• **Task requirements**
Below are entries. Reproduce exactly the lines between the line holding "Kindergarten Graduation Invitation" and the line holding "JVC KW-XC770 manual", inclusive, and only those.

=== Raw data ===

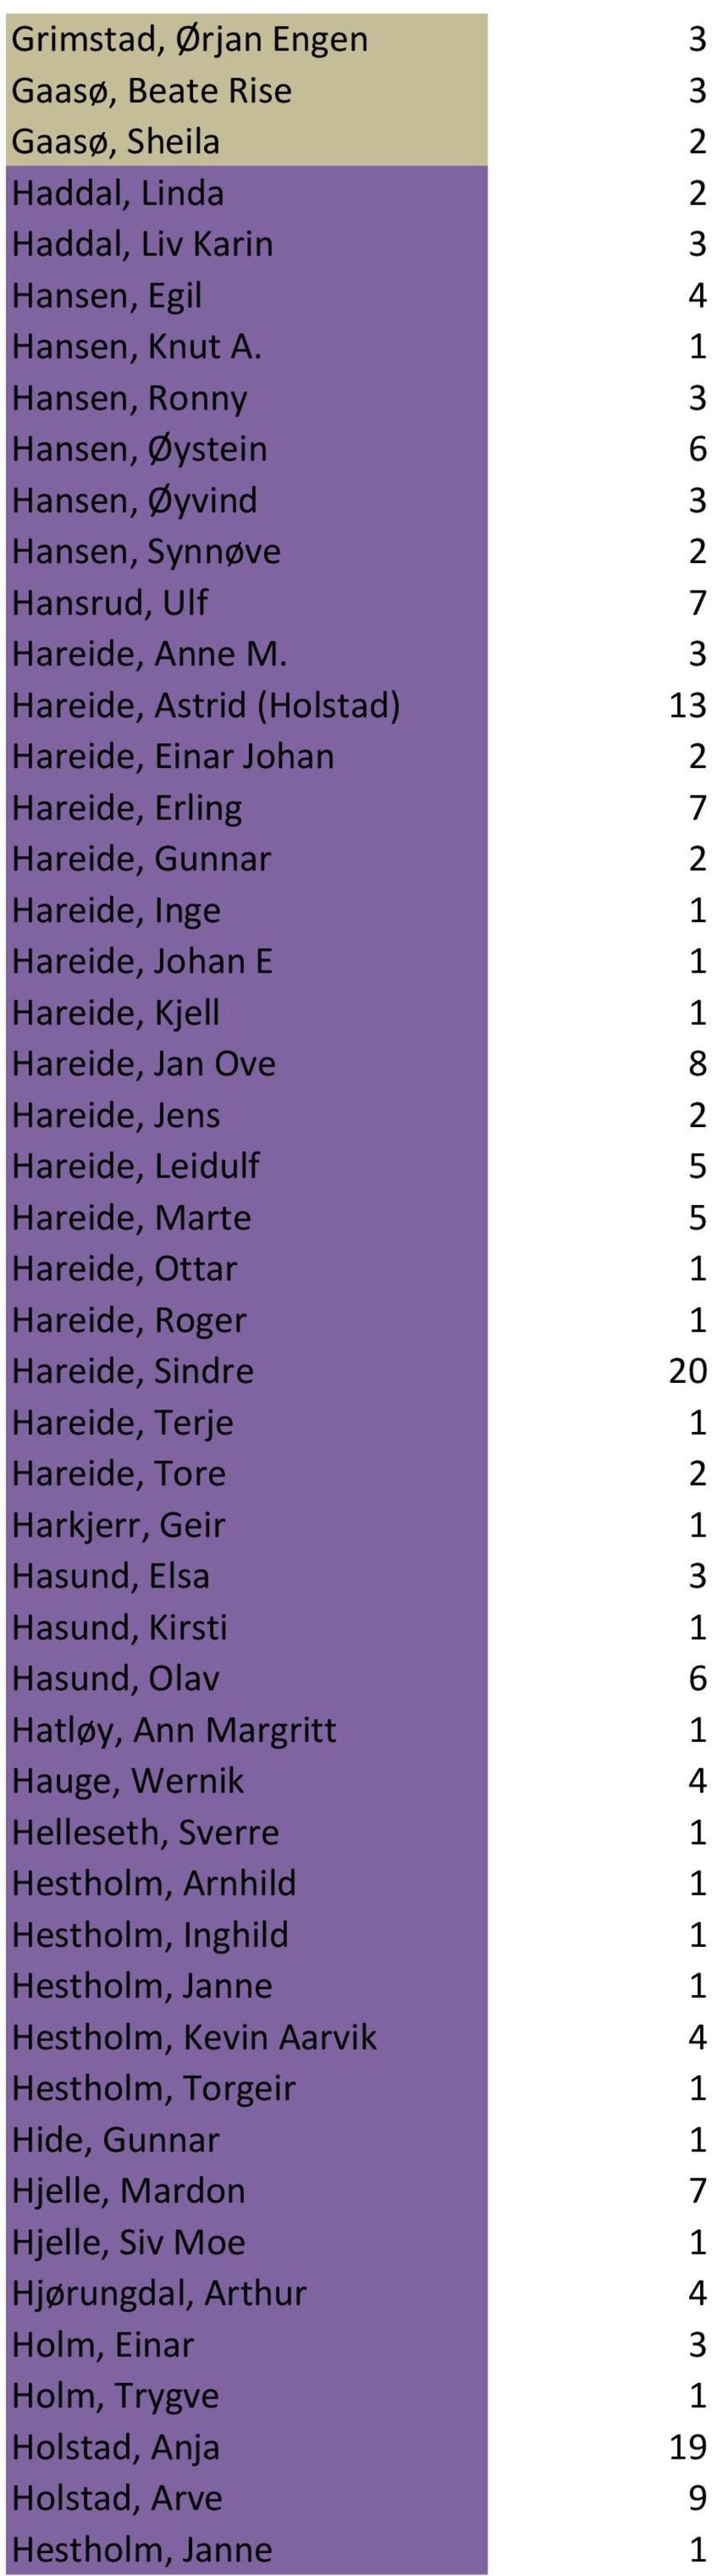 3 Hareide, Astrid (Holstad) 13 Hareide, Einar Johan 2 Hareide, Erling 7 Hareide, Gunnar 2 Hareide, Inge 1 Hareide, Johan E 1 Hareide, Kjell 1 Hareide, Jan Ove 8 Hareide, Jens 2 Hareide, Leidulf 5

===
=== Raw data ===

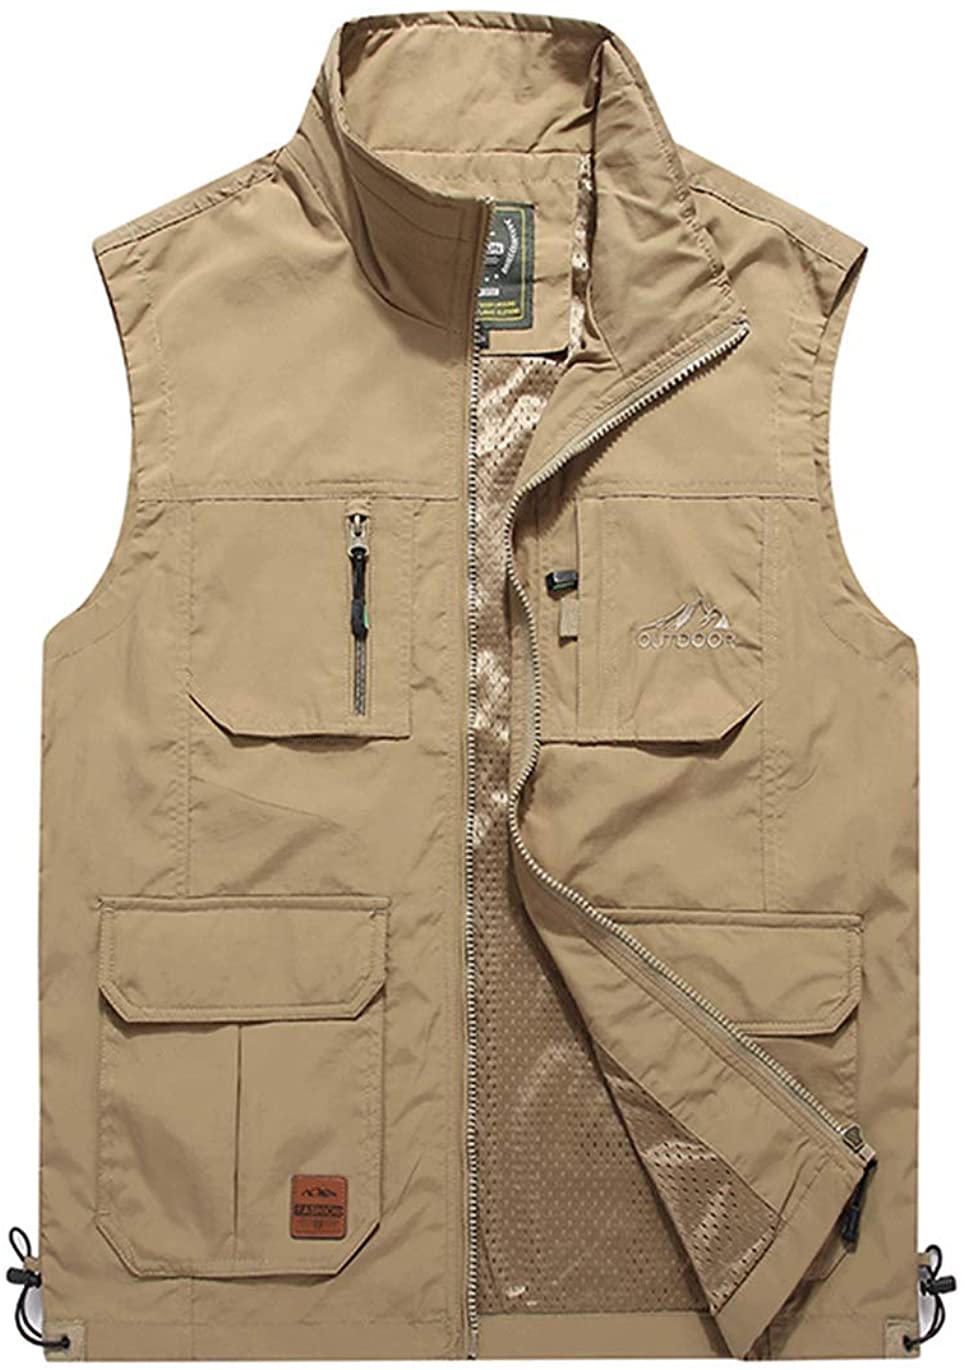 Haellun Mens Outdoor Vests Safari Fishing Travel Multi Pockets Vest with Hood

===
=== Raw data ===

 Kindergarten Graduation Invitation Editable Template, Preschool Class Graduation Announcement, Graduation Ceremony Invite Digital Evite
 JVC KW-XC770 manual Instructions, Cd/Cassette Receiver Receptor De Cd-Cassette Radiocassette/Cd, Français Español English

===

• **Expected answer**
 Kindergarten Graduation Invitation Editable Template, Preschool Class Graduation Announcement, Graduation Ceremony Invite Digital Evite
 JVC KW-XC770 manual Instructions, Cd/Cassette Receiver Receptor De Cd-Cassette Radiocassette/Cd, Français Español English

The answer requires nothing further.